What you need to do
Pictures in the listing should not be copied. Reproduce, word for word, each line from the one holding "Лампа настольная светодиодная" through the final line.

===== Given information =====

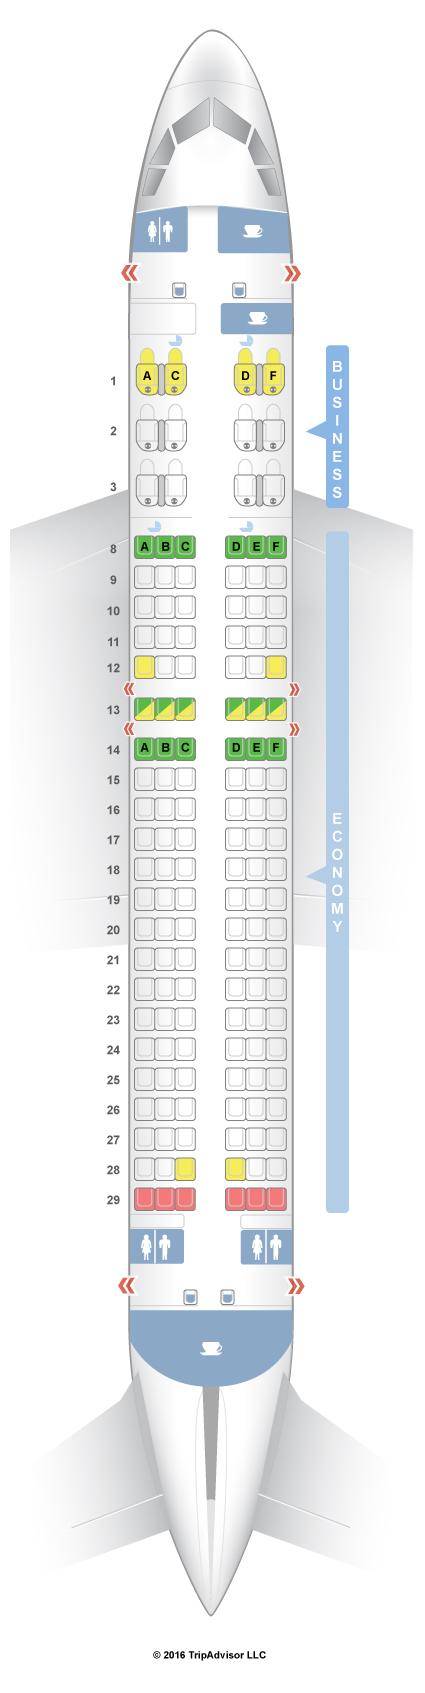 SeatGuru Seat Map Qatar Airways Airbus A320 (320) V1
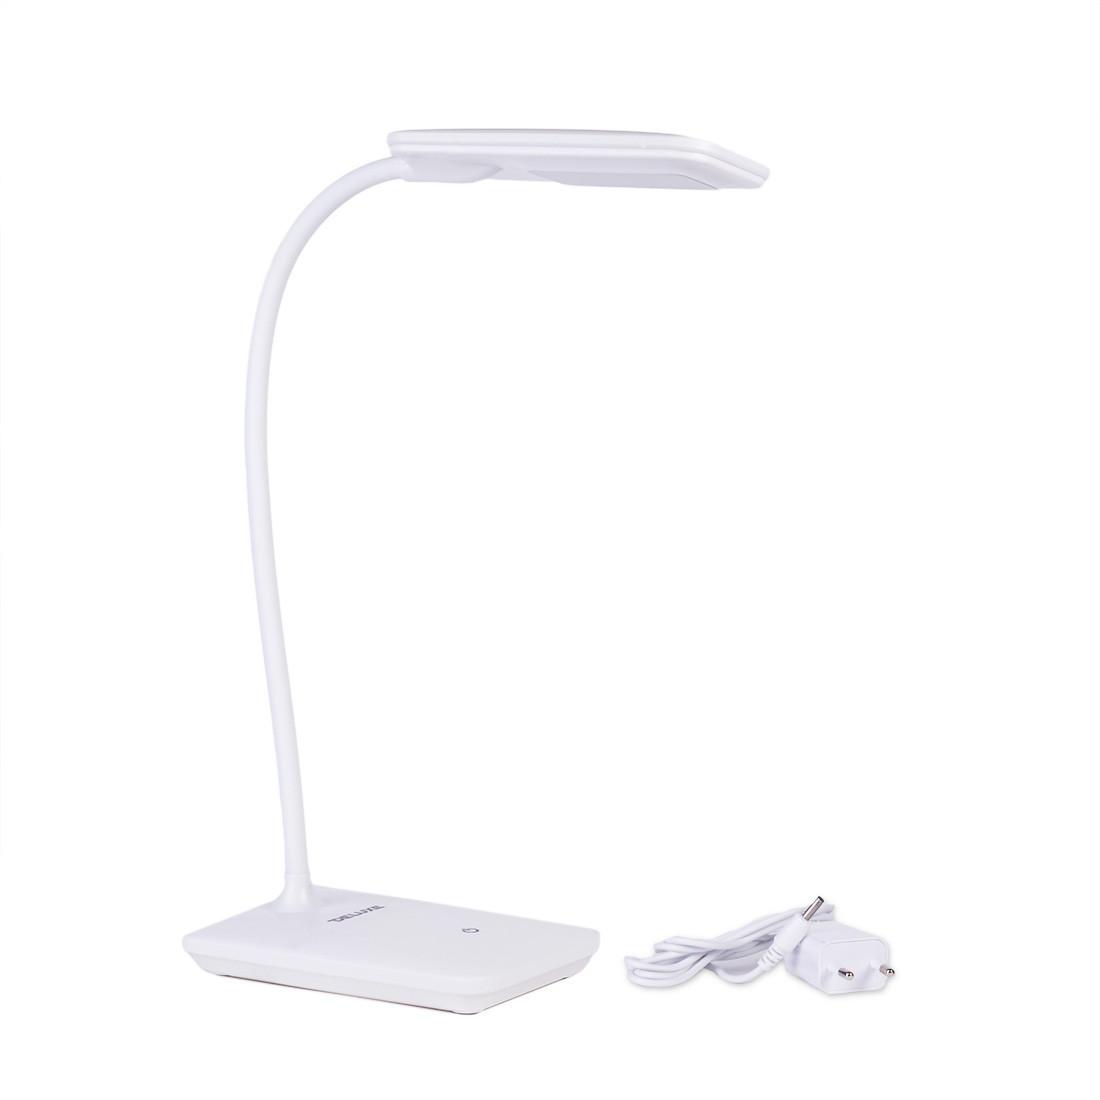 Лампа настольная светодиодная (LED) Deluxe DLTL-102W-6W, Регулировка яркости: 3 степени яркости, Цветовая темп
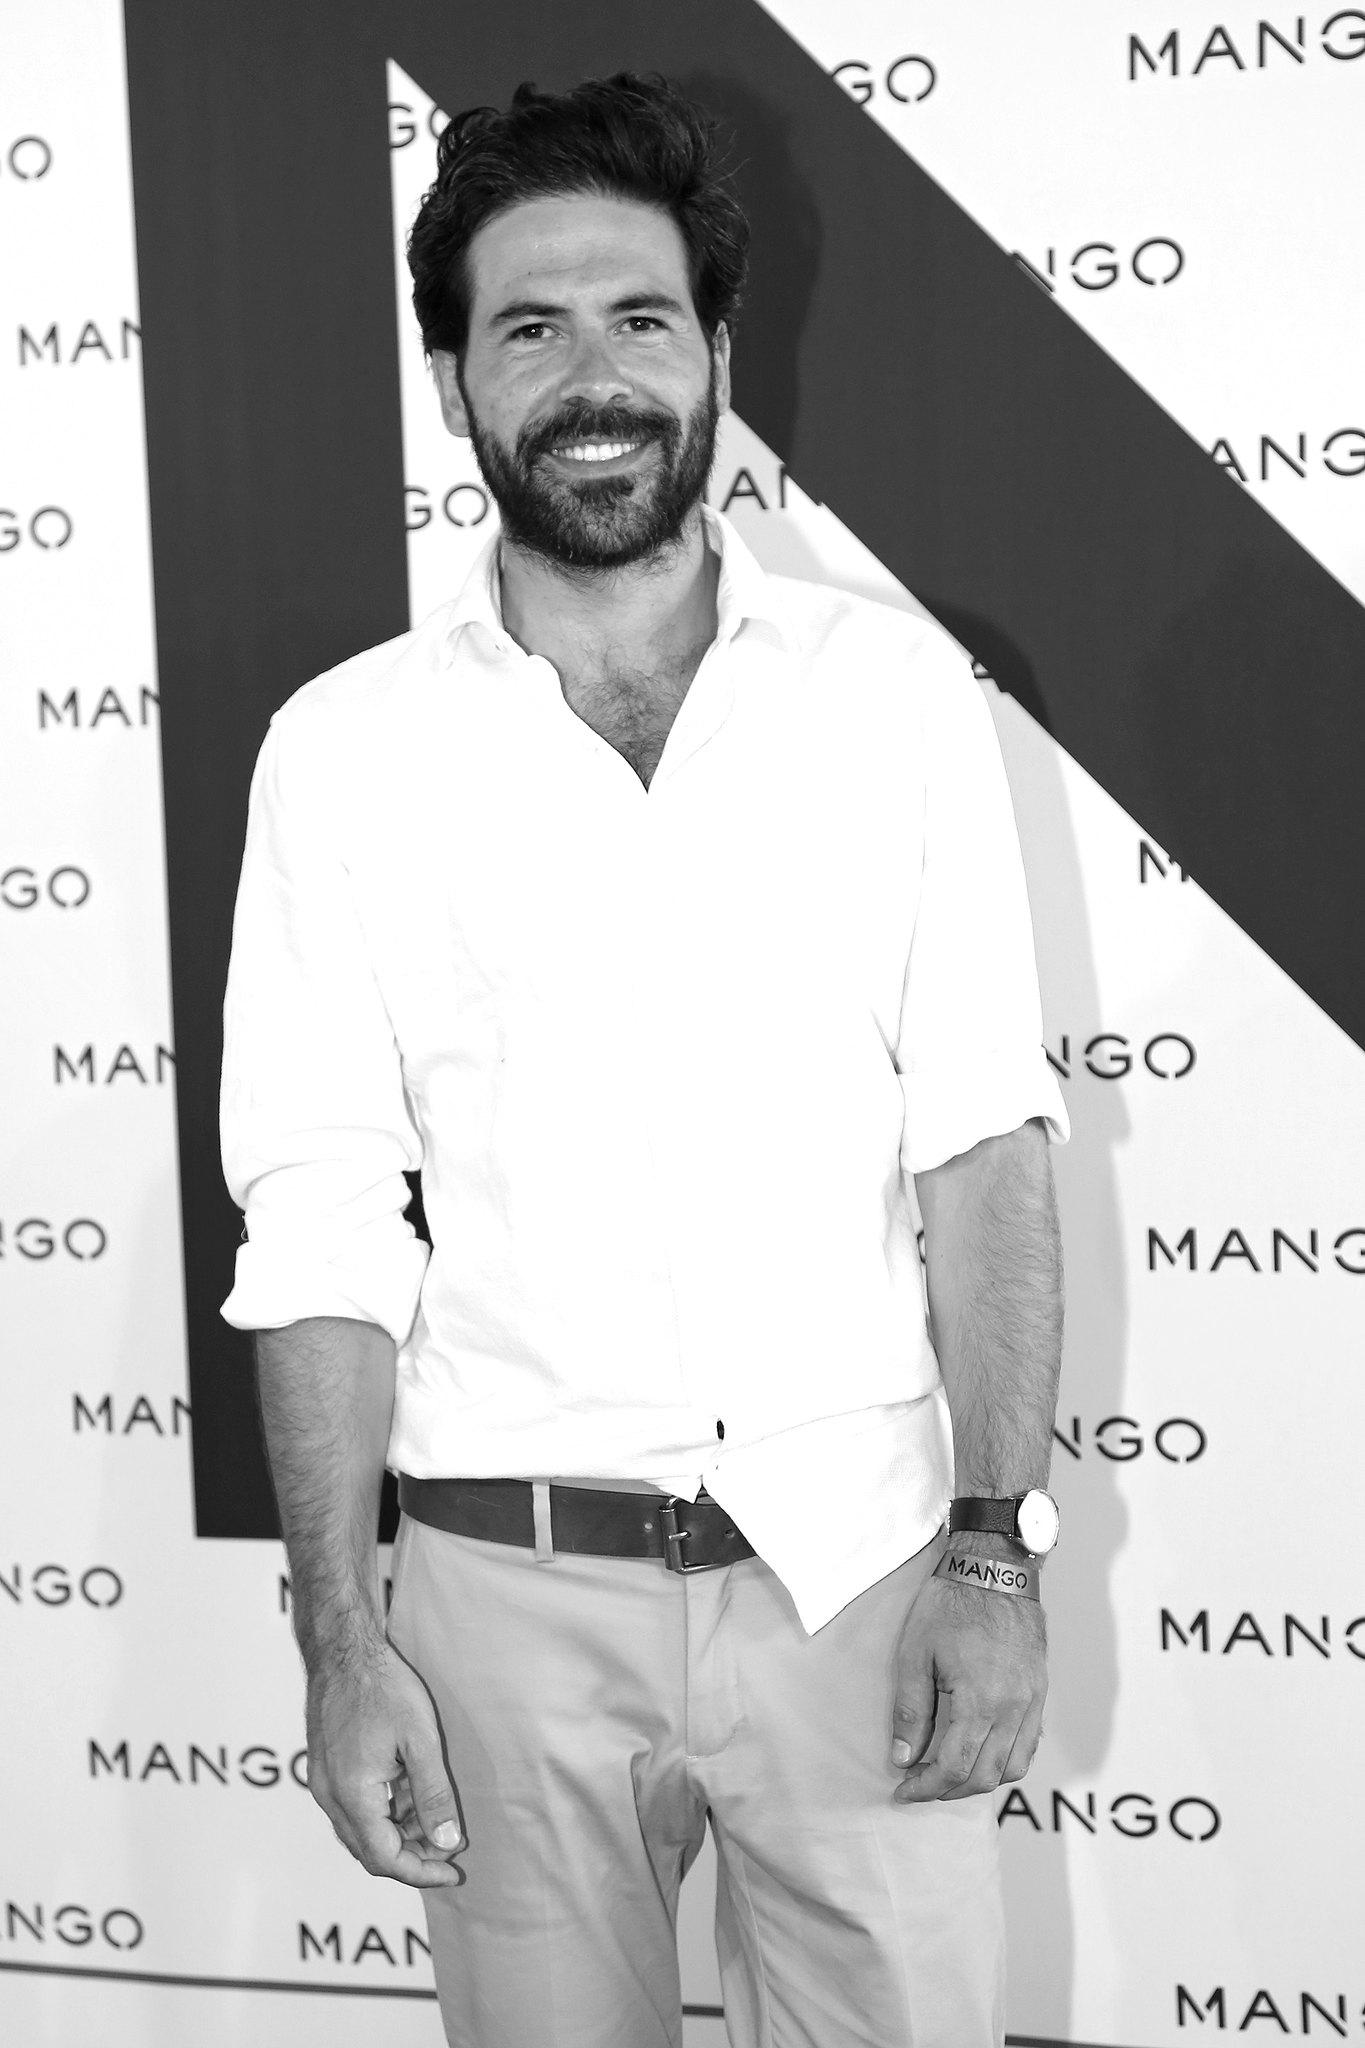 _miguel_carrizo_mango_fashion_show_photo_call_
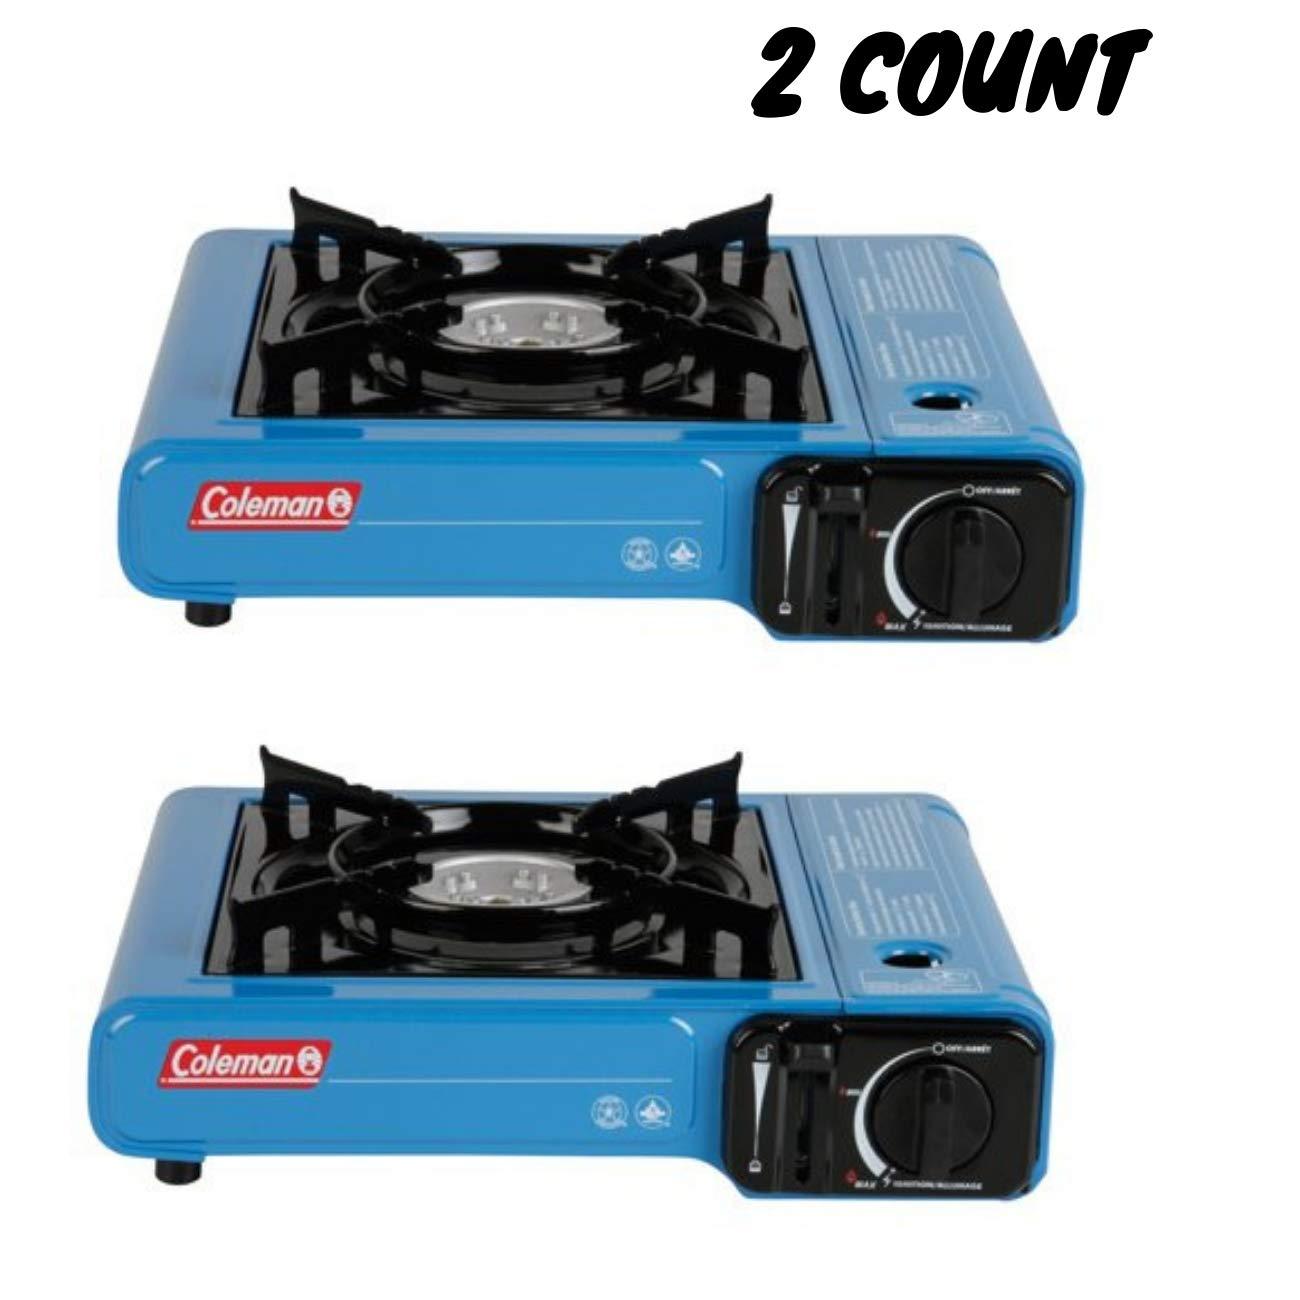 Amazon.com: Coleman 1-Burner Tabletop Butane Camp Stove / 2- Pack: Home Improvement

=====

Answer to the problem
 Лампа настольная светодиодная (LED) Deluxe DLTL-102W-6W, Регулировка яркости: 3 степени яркости, Цветовая темп
 _miguel_carrizo_mango_fashion_show_photo_call_
 Amazon.com: Coleman 1-Burner Tabletop Butane Camp Stove / 2- Pack: Home Improvement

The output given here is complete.